Kelly John P, Phillips James O, Weiss Avery H
Roger H. Johnson Vision Clinic, Division of Ophthalmology, Seattle Children's Hospital, Seattle, Washington; Department of Ophthalmology, University of Washington, Seattle.
Roger H. Johnson Vision Clinic, Division of Ophthalmology, Seattle Children's Hospital, Seattle, Washington; Department of Otolaryngology, University of Washington School of Medicine, Seattle.
J AAPOS. 2018 Feb;22(1):50-55.e1. doi: 10.1016/j.jaapos.2017.10.008. Epub 2017 Dec 29.
To use eye movement recordings of young children to determine whether eye velocity from infantile nystagmus (IN) deprives the developing visual system of normal visual acuity.
The video-oculography recordings and visual acuity measurements (including Teller cards) of 15 children ≤6.0 years of age with IN without visual sensory disease (idiopathic IN) were reviewed retrospectively. Eye velocity that would limit visual acuity development was predicted from both empirical adult data adjusted for age and a temporal limitation model using published photoreceptor density data with age. Foveal alignment onto a target was measured in 5 subjects using confocal retinal imaging.

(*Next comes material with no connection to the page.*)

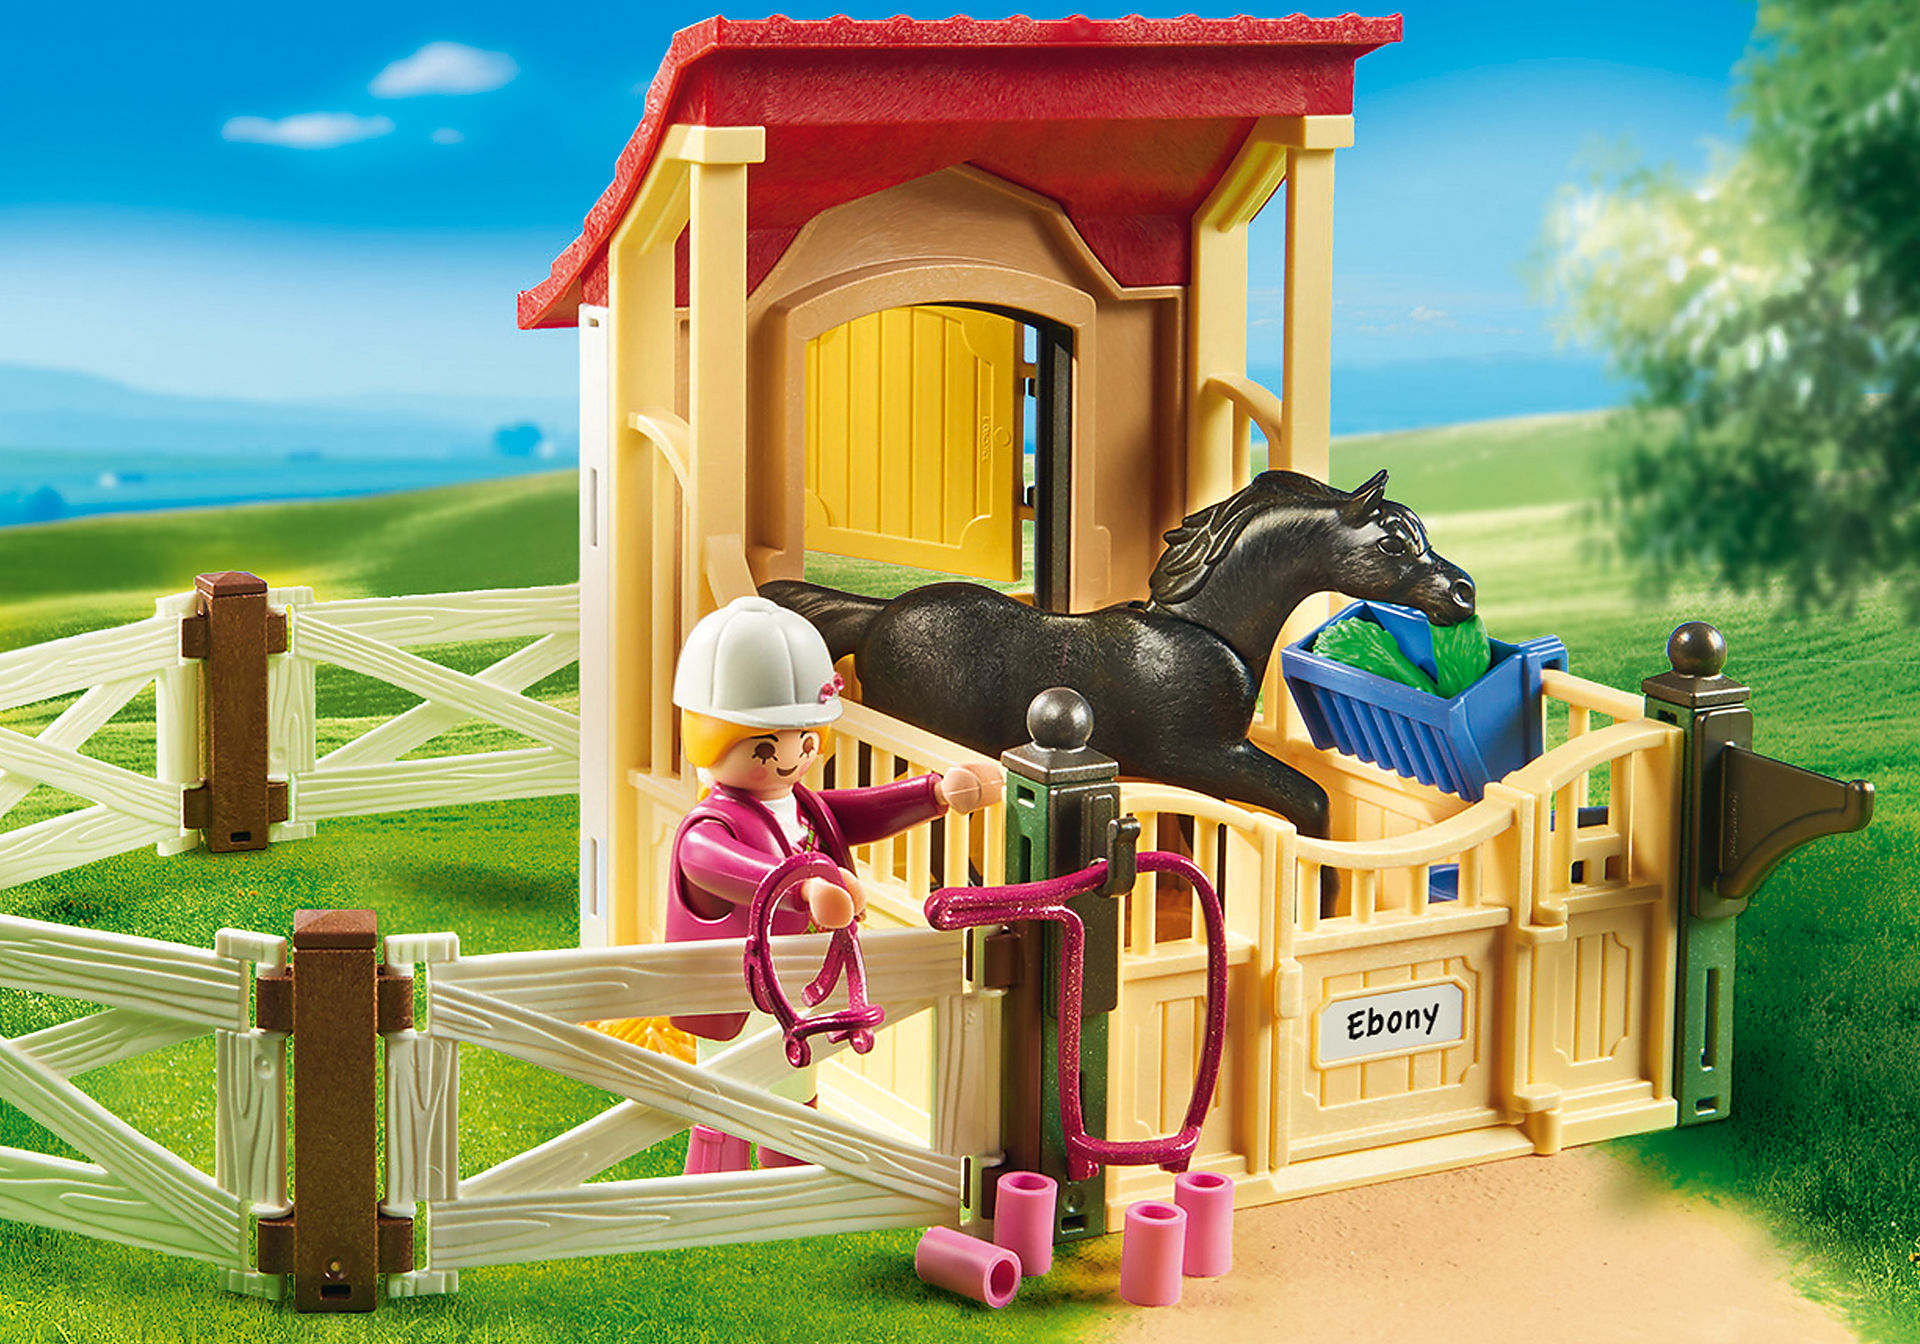 http://media.playmobil.com/i/playmobil/6934_product_extra2/Arabier met paardenbox

All subjects had periods (85-2440 ms) during which eye velocity was below the limit that would reduce age-appropriate visual acuity. The percentage of time eye velocity was below the limit varied by 4%-54% across all eye movement recordings. Eye movement metrics (eye position variability, average eye velocity, maximum duration of foveation, and the nystagmus optimal foveation fraction) correlated poorly with age or with age-corrected visual acuity (r < 0.27 for each metric). Longitudinal visual acuity development overlapped between subjects with different nystagmus waveforms.

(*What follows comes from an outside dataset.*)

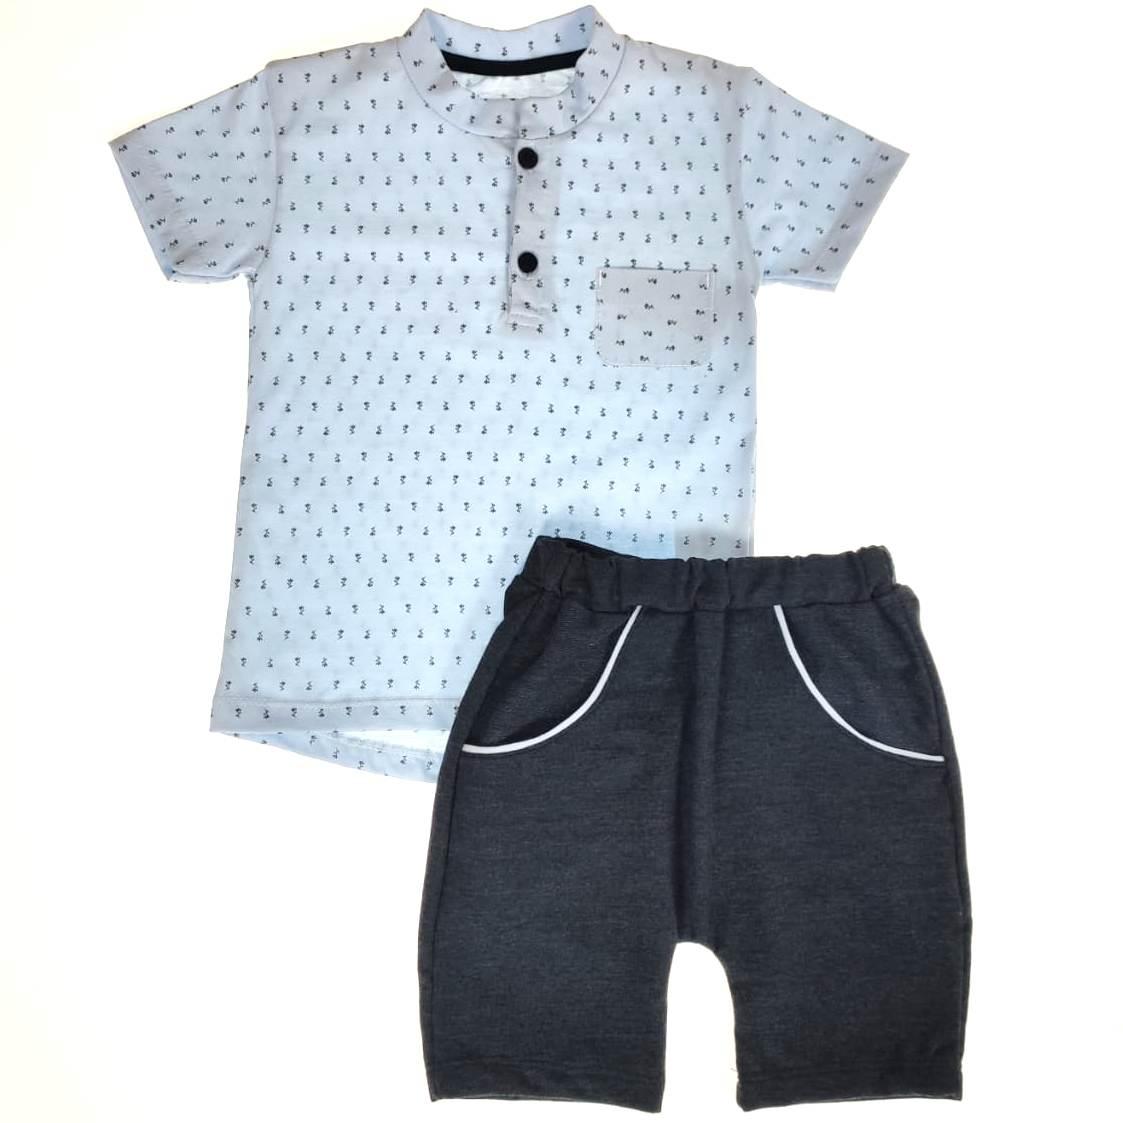 Conjunto Curto Kids  - Azul e Preto Moletinho

Eye velocity was not predicted to completely deprive visual acuity development in subjects with idiopathic IN. Nystagmus may decrease visual acuity development in children with idiopathic IN by interfering with visual-cortical development in the context of increased visual noise due to image motion with imprecise foveation.

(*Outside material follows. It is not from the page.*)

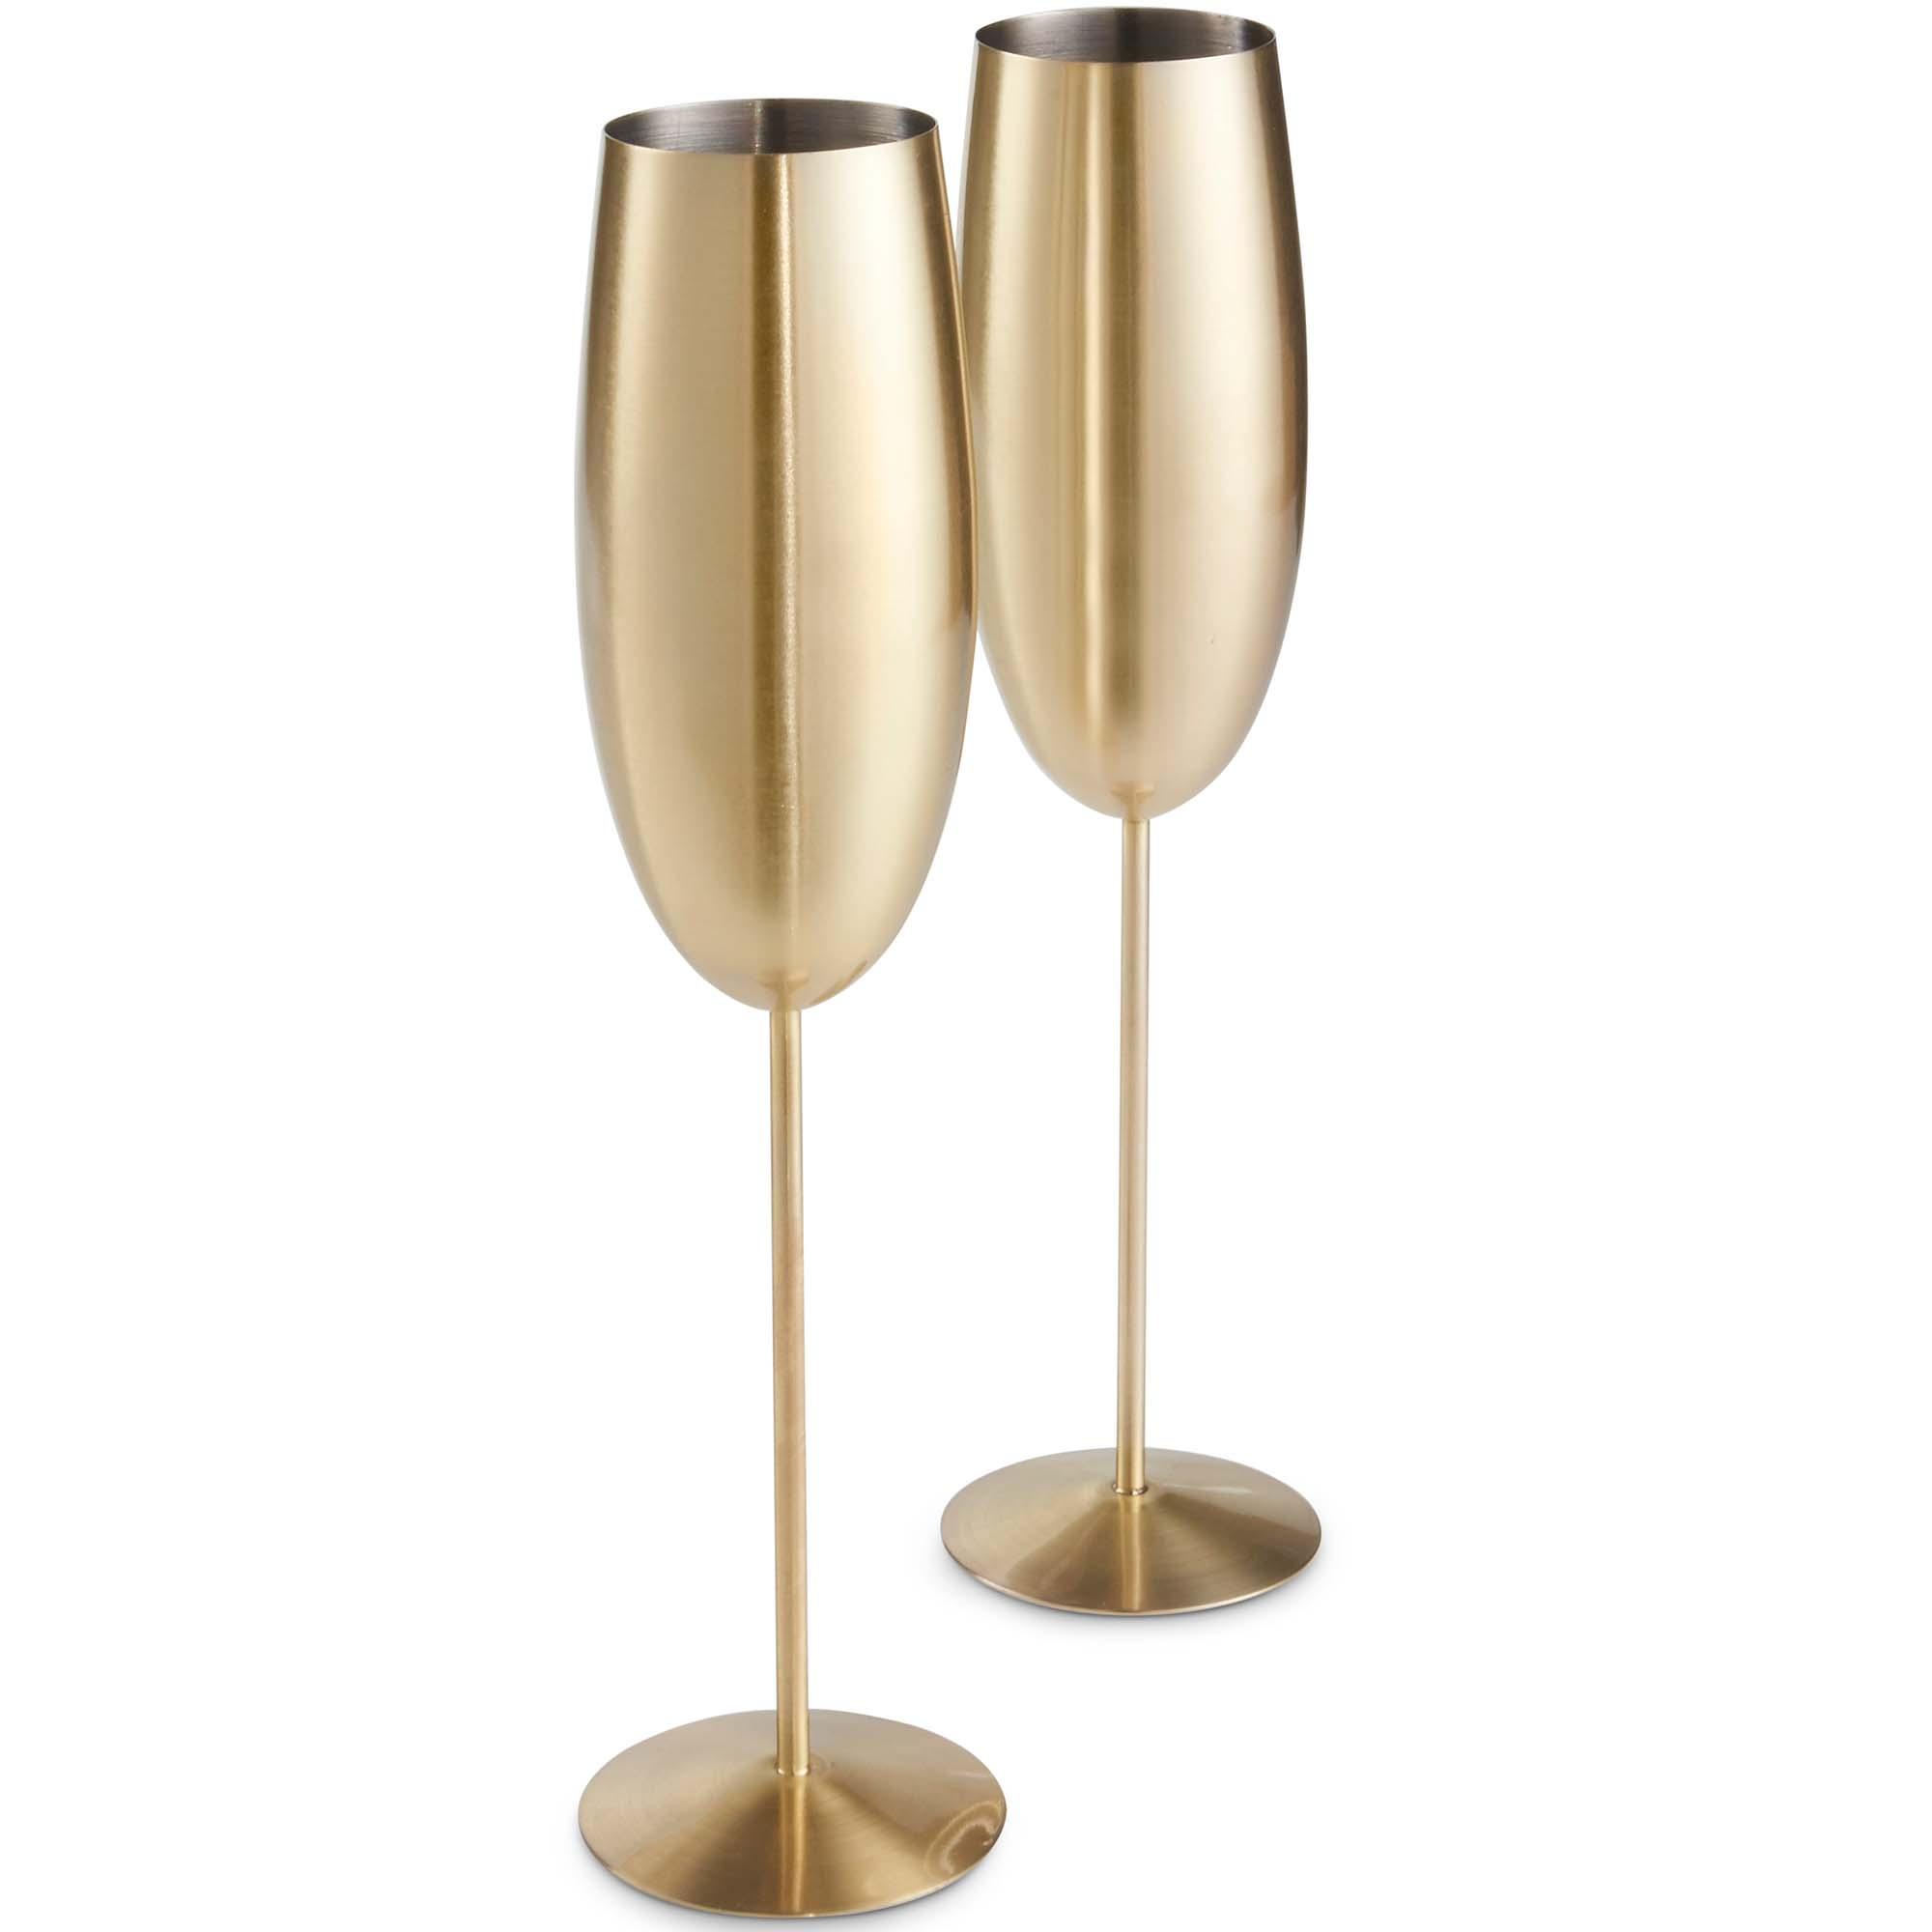 VonShef Champagne Flutes Glasses Brushed Gold Stainless ...

利用幼儿的眼动记录来确定婴儿型眼球震颤(IN)的眼速度是否会剥夺发育中的视觉系统的正常视力。
回顾性分析了15名年龄≤6.0岁、患有无视觉感觉疾病的IN(特发性IN)儿童的视频眼震图记录和视力测量结果(包括泰勒视力卡)。根据针对年龄调整的成人经验数据和使用已发表的不同年龄光感受器密度数据的时间限制模型,预测了可能限制视力发育的眼速度。使用共焦视网膜成像对5名受试者的中央凹与目标的对齐情况进行了测量。
所有受试者都有眼速度低于会降低相应年龄视力的限度的时间段(85 - 2440毫秒)。在所有眼动记录中,眼速度低于该限度的时间百分比在4% - 54%之间变化。眼动指标(眼位变异性、平均眼速度、中央凹注视的最长持续时间以及眼球震颤最佳中央凹注视分数)与年龄或年龄校正后的视力相关性较差(每个指标的r < 0.27)。不同眼球震颤波形的受试者之间纵向视力发育存在重叠。
预计特发性IN患者的眼速度不会完全剥夺视力发育。眼球震颤可能会通过在因中央凹注视不精确导致图像运动而增加视觉噪声的情况下干扰视觉皮层发育,从而降低特发性IN儿童的视力发育。